Top of SOURCE MATERIAL
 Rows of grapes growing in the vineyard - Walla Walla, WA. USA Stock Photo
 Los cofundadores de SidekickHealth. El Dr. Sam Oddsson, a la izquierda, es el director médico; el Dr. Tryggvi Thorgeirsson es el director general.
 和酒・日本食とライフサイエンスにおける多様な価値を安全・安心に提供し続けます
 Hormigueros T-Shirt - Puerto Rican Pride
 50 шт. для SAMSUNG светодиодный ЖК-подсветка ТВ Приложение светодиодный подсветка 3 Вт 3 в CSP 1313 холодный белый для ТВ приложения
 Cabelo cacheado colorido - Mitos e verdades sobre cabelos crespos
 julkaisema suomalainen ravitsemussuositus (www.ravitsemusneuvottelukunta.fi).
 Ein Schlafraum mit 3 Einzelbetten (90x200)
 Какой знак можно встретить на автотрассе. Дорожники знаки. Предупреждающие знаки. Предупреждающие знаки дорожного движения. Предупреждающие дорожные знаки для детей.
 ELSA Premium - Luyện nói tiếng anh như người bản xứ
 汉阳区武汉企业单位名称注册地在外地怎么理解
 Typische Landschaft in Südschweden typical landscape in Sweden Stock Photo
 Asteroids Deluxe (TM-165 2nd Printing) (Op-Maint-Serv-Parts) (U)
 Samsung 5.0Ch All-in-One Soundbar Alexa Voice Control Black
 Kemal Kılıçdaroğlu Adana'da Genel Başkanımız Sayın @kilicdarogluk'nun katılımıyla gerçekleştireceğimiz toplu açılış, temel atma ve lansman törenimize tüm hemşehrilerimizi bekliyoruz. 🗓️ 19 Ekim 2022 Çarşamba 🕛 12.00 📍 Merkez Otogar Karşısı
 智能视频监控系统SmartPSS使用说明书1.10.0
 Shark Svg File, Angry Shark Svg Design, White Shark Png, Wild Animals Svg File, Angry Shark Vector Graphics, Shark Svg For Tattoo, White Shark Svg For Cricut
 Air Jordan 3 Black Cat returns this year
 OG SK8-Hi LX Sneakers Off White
Bottom of SOURCE MATERIAL
• [WHAT YOU WILL DO]: Repeat exactly, and only, the lines of the records above, starting with the line that contains "Air Jordan 3 Black Cat returns this year" and ending with the final line, both included.

• [EXERCISE RESPONSE]:
 Air Jordan 3 Black Cat returns this year
 OG SK8-Hi LX Sneakers Off White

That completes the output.